Tuesday, May 14, 2013

Teaching Imitation

I've been meaning to do a post on imitation for awhile.  May 14th is the first Apraxia Awareness day so I thought a post on imitation skills would be appropriate.

Imitation abilities one of the things that I assess during an initial evaluation.   Speech therapy uses a lot modeling techniques so having a child who can imitate is an positive prognostic sign for how therapy will proceed.  For children who exhibit difficulty with imitation, this will be my initial focus in therapy.

In order to imitate, a child needs to attend to people in their environment.  They also need to have an understanding of cause and effect.  (My actions cause others to do something.)  If I can get a child to spontaneously imitate other people, then they can start learning and expanding their language in a variety of places.

Just say "Ah." 
For a child who is nonverbal, I start by teaching "Ah" or another consistent vocalization on command.  I will observe the child to see what sounds they are able to produce and start with a vocalization that is already in their repertoire.

One time I had a client who could only produce raspberries.  We would read a repetitive book like Brown bear, brown bear and they would read along.  "Pfft PFft, Pfft, pfft, pfft pffft pfft pffft."  This student was REALLY trying to say the words.

Children who don't have volitional control often have very loud, or noises that we might consider distracting or inappropriate.  Sometimes they end up with a behavioral program to extinguish this behavior.  This is heartbreaking to me.  We are telling are kids who are just trying to make whatever sounds they can to be quiet, to STOP talking.

Instead, we should be helping them explore their vocal range.  Can they learn to louder/quieter?  Can they find the middle?  What different sounds can they make?   Completing a functional behavioral analysis would help to find alternative communicative behaviors which could be addressed through augmentative communication.

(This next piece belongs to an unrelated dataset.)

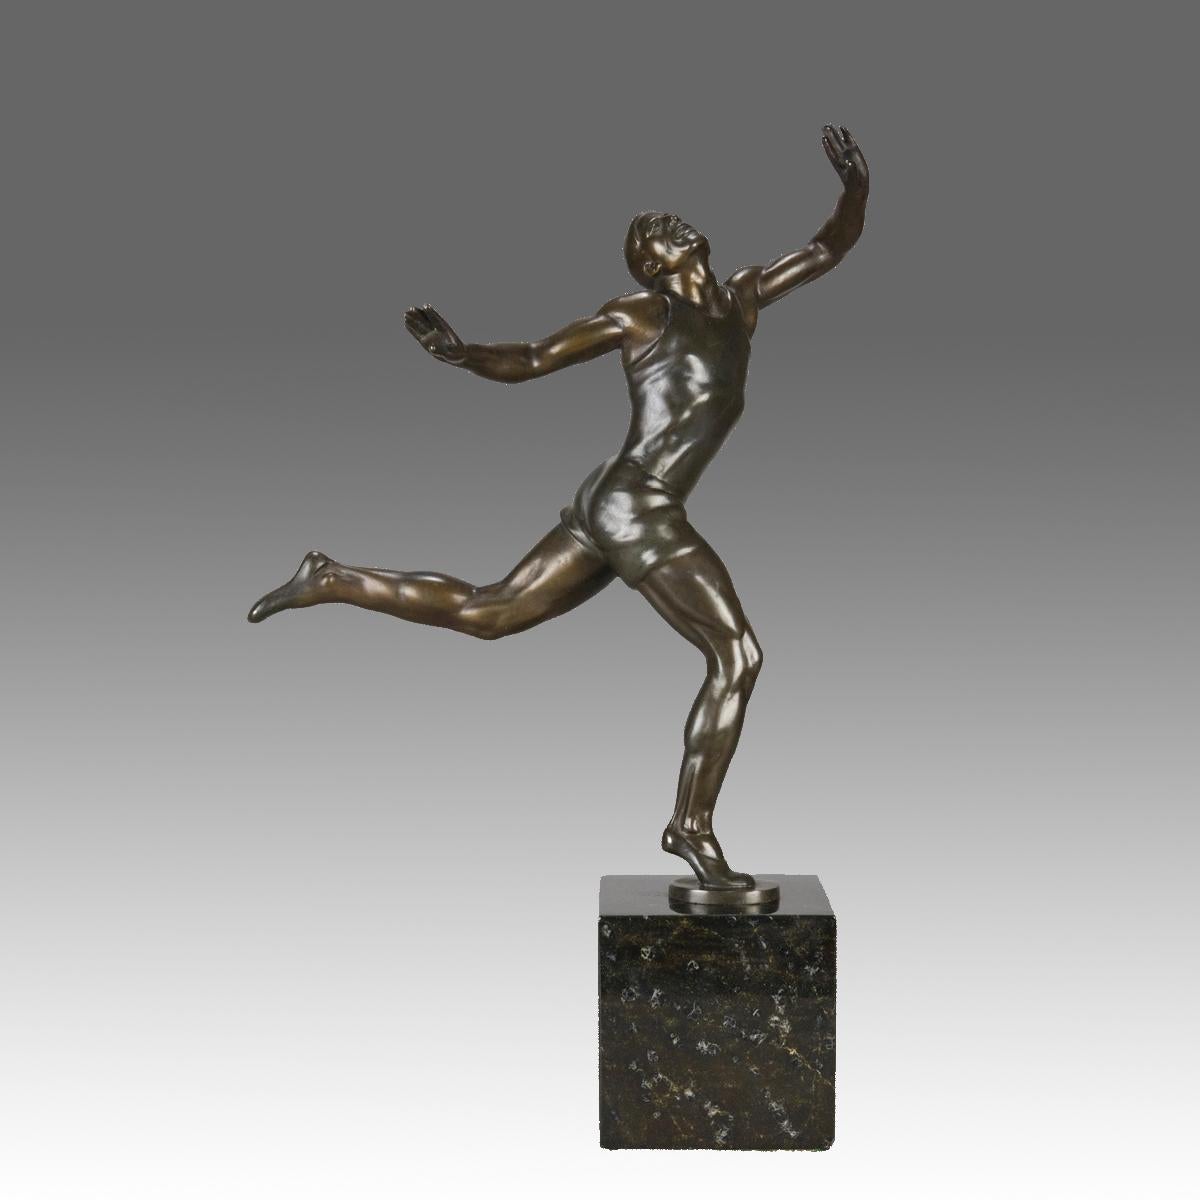 Eine sehr schöne Bronzestudie aus dem frühen 20. Jahrhundert, die einen muskulösen olympischen Athleten zeigt, der im Begriff ist, die Ziellinie zu überqueren. Die Bronze mit exzellenter, satter brauner Patina und sehr feinen, handgearbeiteten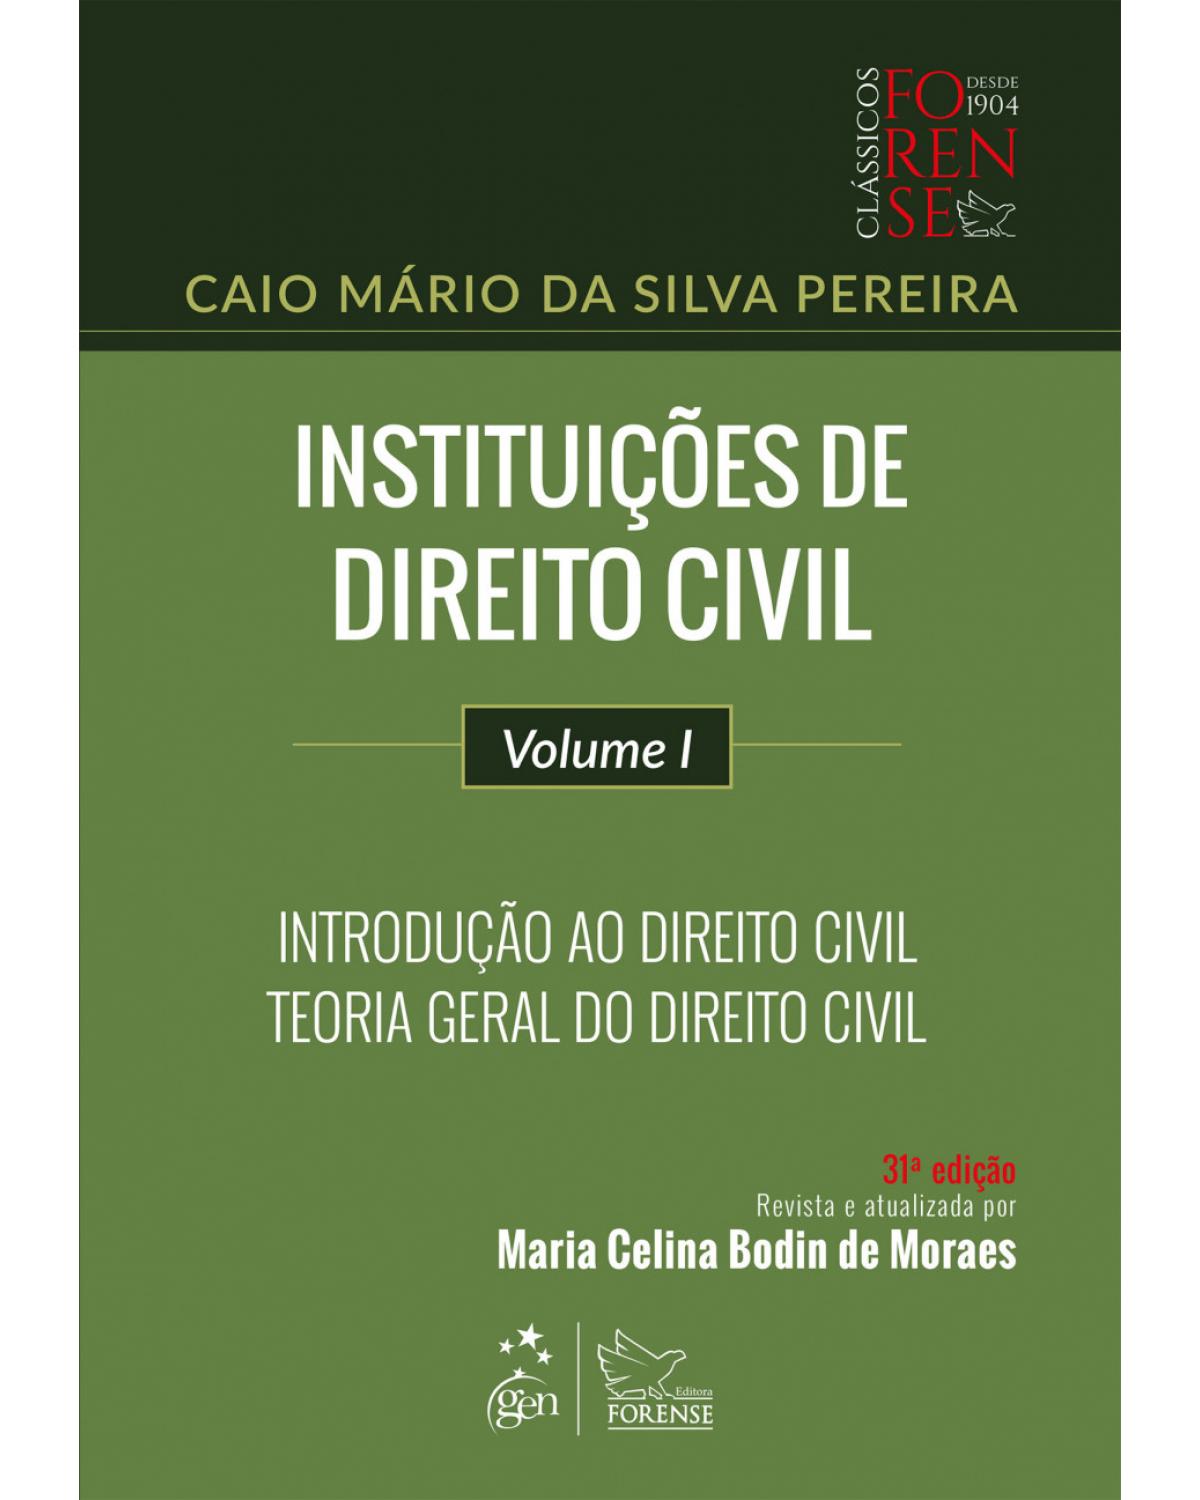 Instituições de direito civil - Volume 1: introdução ao direito civil, teoria geral do direito civil - 31ª Edição | 2018

Once we have established a consistent vocal response then we begin to add in more consonant-vowel (CV) and vowel consonant (VC) productions.  I will spend some time with vowels in isolation because vowels carry much of the meaning of a word.  I don't spend very much time if any on consonants in isolation.

Nonverbal Imitation:
I want to make sure that the child I am working with is able to do imitate a variety of big and small motor movements.  If I start to the run-will they run with me?  Can they imitate a clap or touch their head?  Are they able to imitate my play actions during a pretend play activity.

Having pairs of the same toy are really helpful for teaching nonverbal imitation.  For example, you could each have a drum and practice drumming slow together and then fast.

If all else Fails:  
Sometimes a client I see just doesn't understand imitation at all.  For those clients, I will spend a lot of time imitating what they are doing.  (it can take up to a year!)  This works better for some patients than others.  A lot of times though I will start to see an increase in attention towards me or the parent as the client starts to realize that we are imitating them.  Pamella Marshalla has a fantastic book on teaching imitation called: Becoming Verbal with Childhood Apraxia.
If you have a client who is not imitating, this book explains how to further breakdown imitation to improve the child's ability to control their speaking.

Do you teach imitation?  If so I'd love to hear your favorite materials and tricks!